Work to complete
Go through the data below and copy it exactly, skipping every picture.

Dataset extract
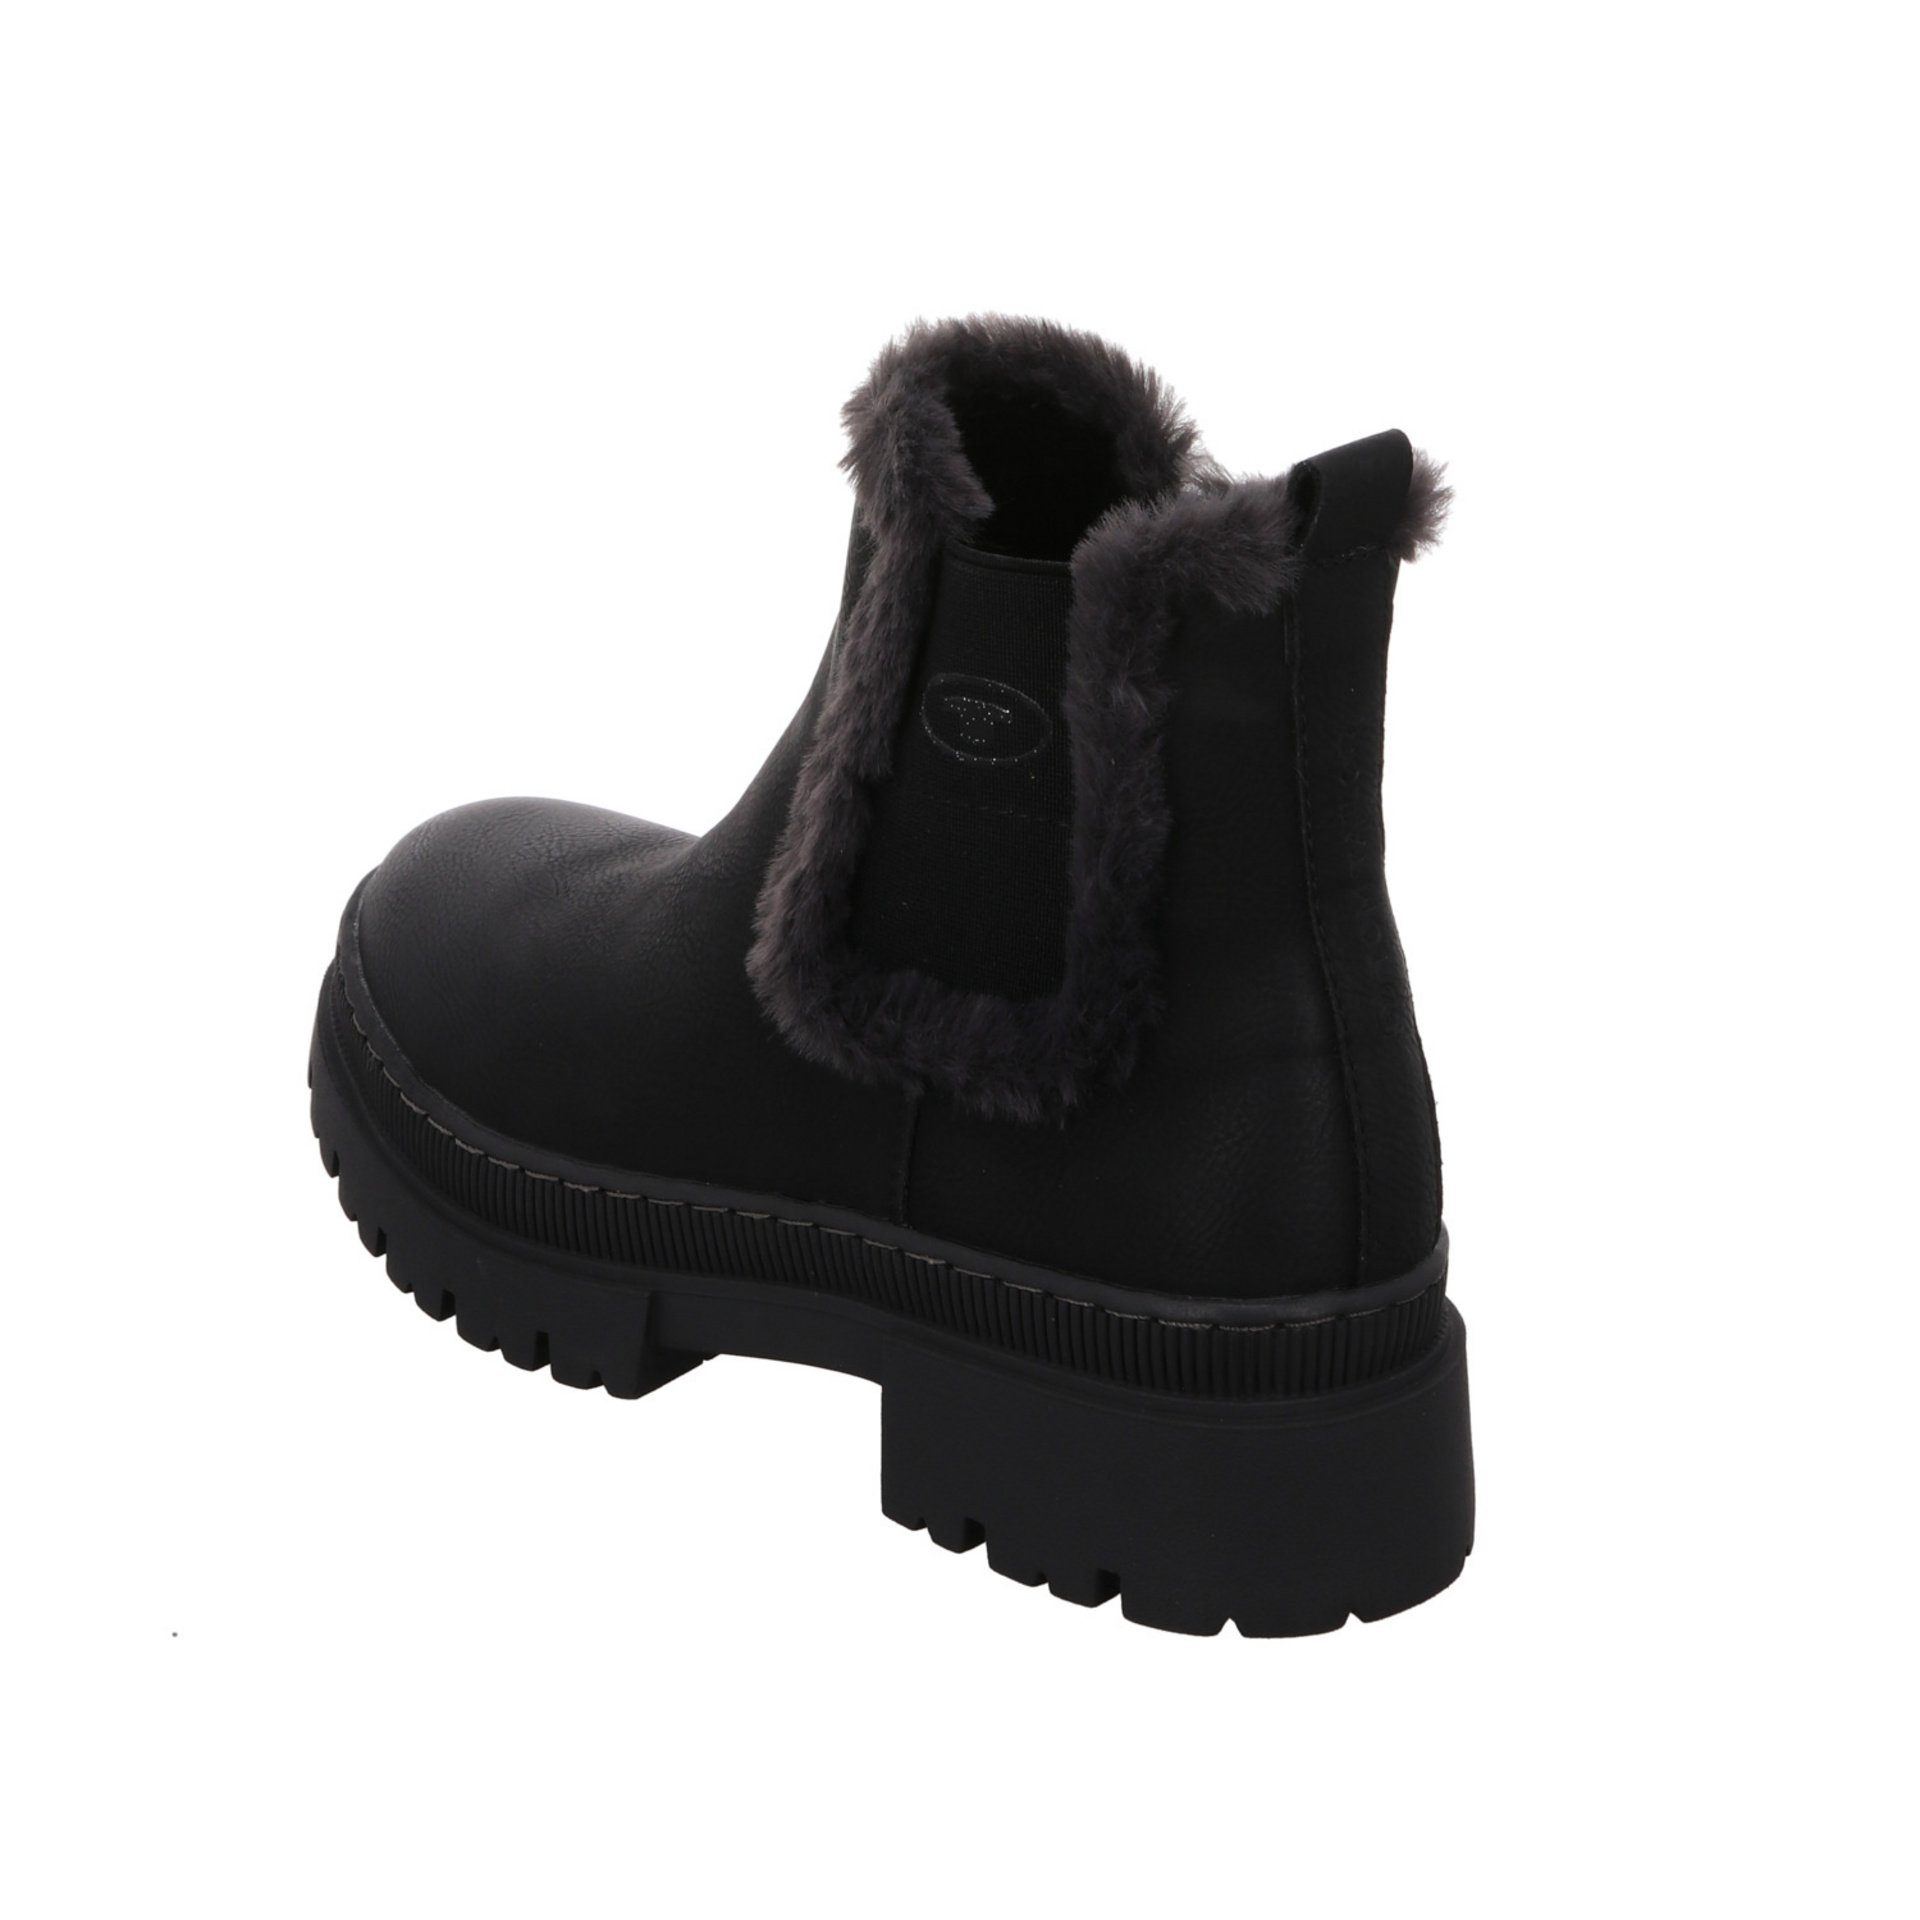 Stiefel Synthetik Boots black Chelsea Schuhe TOM Damen TAILOR Stiefel
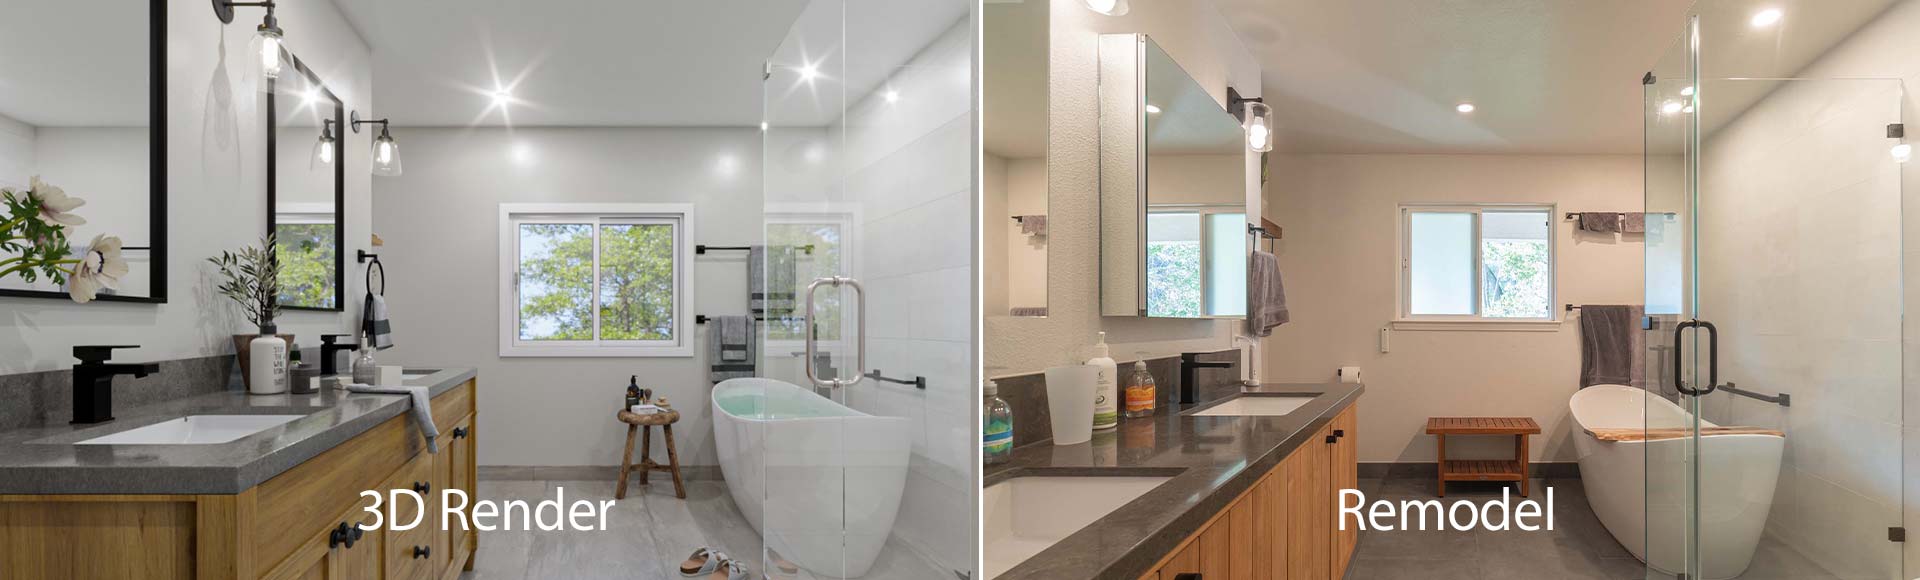 bathroom remodel 3d render vs actual
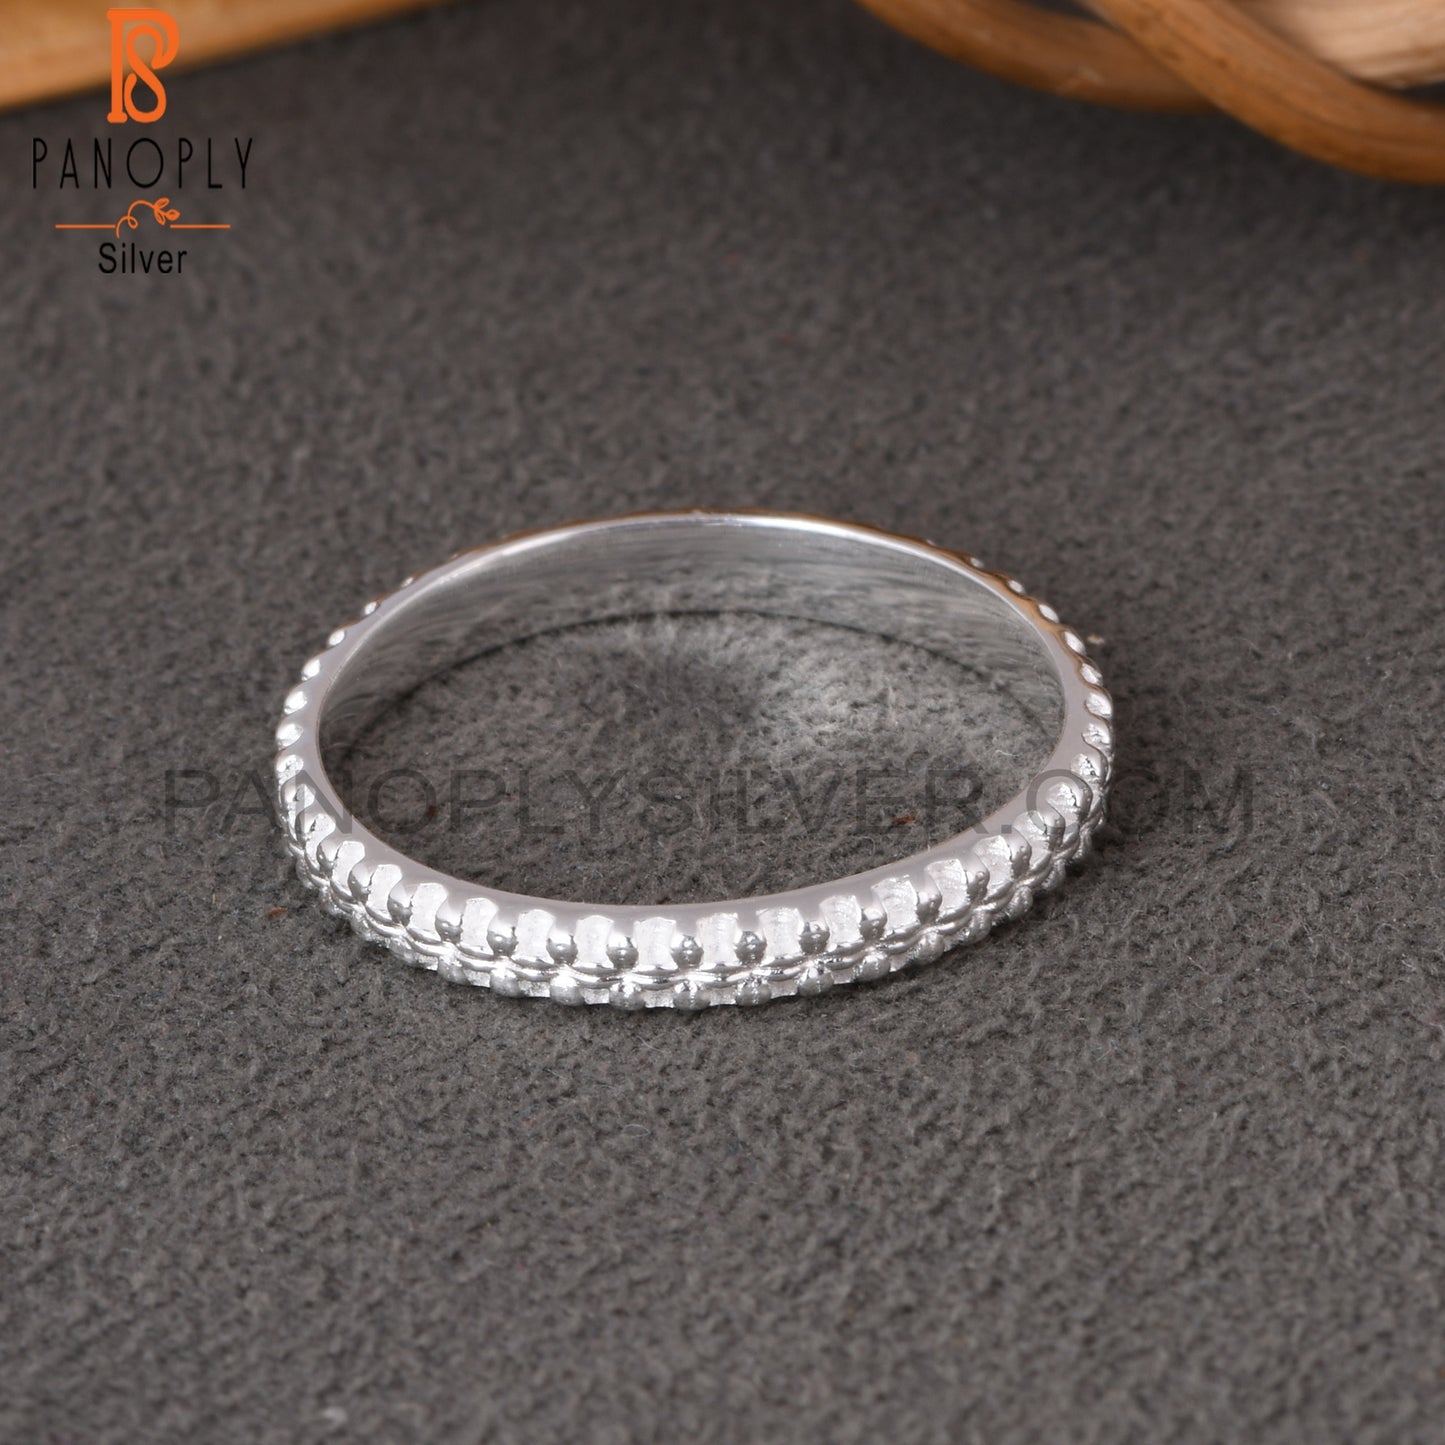 Handmade 925 Sterling Silver Pattern Ring Band

Answer box
 Stiefel Synthetik Boots black Chelsea Schuhe TOM Damen TAILOR Stiefel
 bathroom remodel 3d render vs actual
 Handmade 925 Sterling Silver Pattern Ring Band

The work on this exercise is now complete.